Artificial Neural Network Approach for Modeling Cobalt Extraction from Biological and Water Samples by Magnetic Nanoparticles

In this study, an artificial neural network (ANN) model was used to predict the extraction efficiency of cobalt from biological and water samples by magnetic nanoparticles based on batch solid-phase extraction and inductively coupled plasma-optical emission spectrometry (ICP-OES). The effect of operational parameters, including solution pH, amounts of the complexing agent (1-(2-pyridylazo)-2-naphthol) and nanoparticles, and extraction time was studied. The parameters were optimized for the maximum extraction of cobalt ions.
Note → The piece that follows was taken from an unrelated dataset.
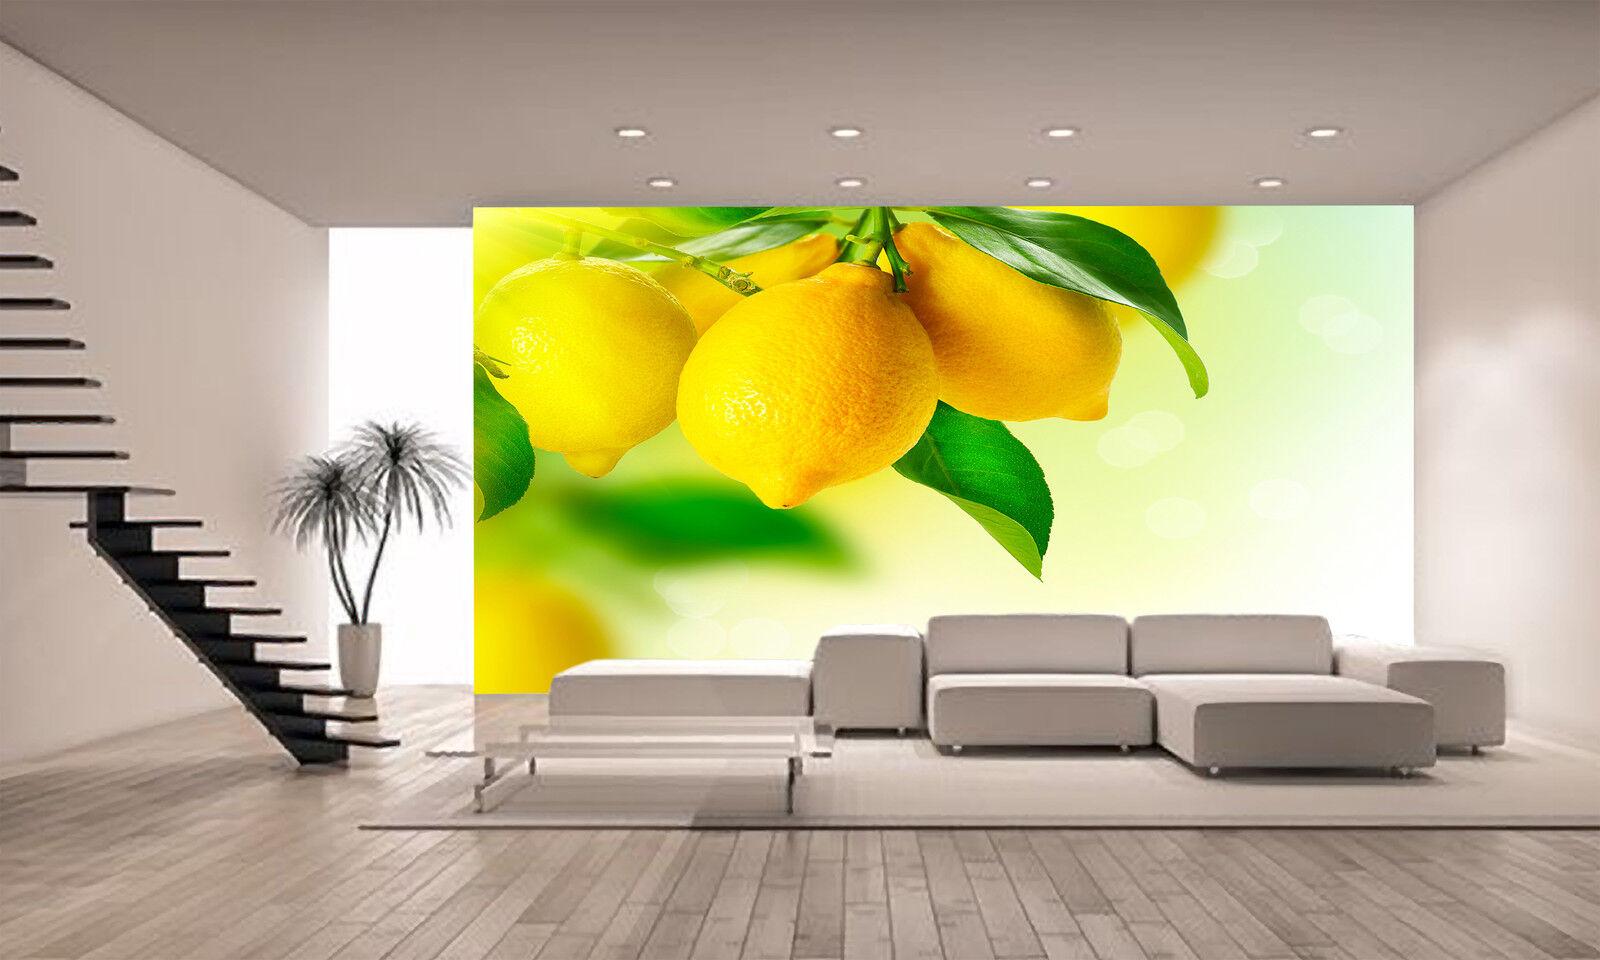 Lemon tree Wall Mural Photo Wallpaper POSTER GIANT WALL DECOR Free Glue Bedroom

The optimum conditions were as follows: initial pH 11.0, contents of complexing agent and nanoparticles 0.75 mg/l and 125 mg, respectively, and extraction time 12.5 min. After backpropagation (BP) training, the ANN model was able to predict the extraction efficiency of cobalt ions with a tangent sigmoid transfer function (tansig) at a hidden layer with 15 neurons and a linear transfer function (purelin) at an output layer. The Levenberg-Marquardt algorithm (LMA) was found as the best of 11 BP algorithms with a minimum mean squared error (MSE) of 0.009895. The linear regression between the corresponding targets and the network outputs was shown to be satisfactory with a correlation coefficient (R-2) of 0.978. Under optimum conditions, the detection limit (LOD) of this method was 7.0 ng/l, and the relative standard deviation (RSD%) was 2.1% (n = 10, c = 10 mu g/l). The method of magnetic nanoparticles based on batch solidphase extraction was applied to the separation, pre-concentration, and determination of cobalt both in biological and water samples and in a certified reference material.